I have a python script which consist of numpy and scipy functions. I was trying to check the scaling for my code.
numpy.show_config()
The configuration for the numpy installed in my system shows the following information.
blas_mkl_info:
libraries = ['mkl_rt']
library_dirs = ['Library\\lib']
define_macros = [('SCIPY_MKL_H', None), ('HAVE_CBLAS', None)]
include_dirs = ['Library\\include']
blas_opt_info:
libraries = ['mkl_rt']
library_dirs = ['Library\\lib']
define_macros = [('SCIPY_MKL_H', None), ('HAVE_CBLAS', None)]
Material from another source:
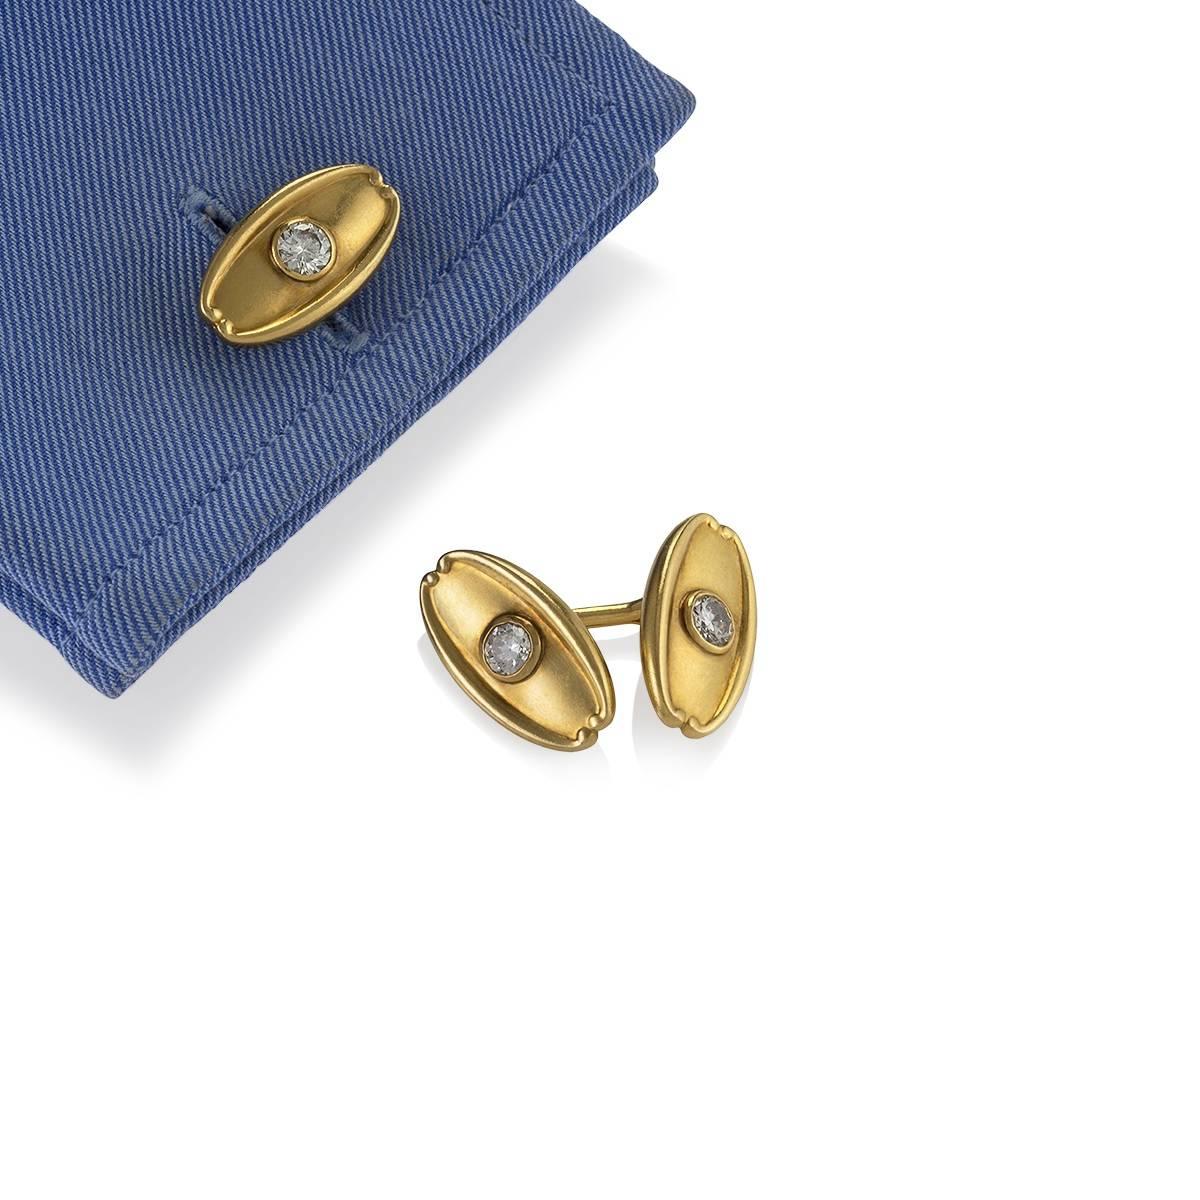 A pair of Antique 18 karat gold cuff links with diamonds by Tiffany & Co. The heavy, lozenge-shaped cuff links have 4 old European-cut diamonds with an approximate total weight of 1.50 carat, H-I color, VS clarity.  Double-sided. With later, signed,

include_dirs = ['Library\\include']
lapack_mkl_info:
libraries = ['mkl_rt']
library_dirs = ['Library\\lib']
define_macros = [('SCIPY_MKL_H', None), ('HAVE_CBLAS', None)]
include_dirs = ['Library\\include']
lapack_opt_info:
libraries = ['mkl_rt']
library_dirs = ['Library\\lib']
define_macros = [('SCIPY_MKL_H', None), ('HAVE_CBLAS', None)]
include_dirs = ['Library\\include']
Supported SIMD extensions in this NumPy install:
baseline = SSE,SSE2,SSE3
found = SSSE3,SSE41,POPCNT,SSE42,AVX,F16C,FMA3,AVX2,AVX512F,AVX512CD,AVX512_SKX,AVX512_CLX,AVX512_CNL
not found =
So I tried setting the following environment variables before importing numpy:
import os
os.environ["OMP_NUM_THREADS"] = '16'
os.environ["OPENBLAS_NUM_THREADS"] = '16'
os.environ["MKL_NUM_THREADS"] = '16'
But still, my code is only using 1 thread and there is not difference in the time of execution of the program.
I have also tried setting mkl.set_num_threads(16)
but no difference.
I am aware that python has GIL which doesn't allow multiple threads to execute simultaneously as u expect in C. Is there any other way to set the number of threads to be used in python?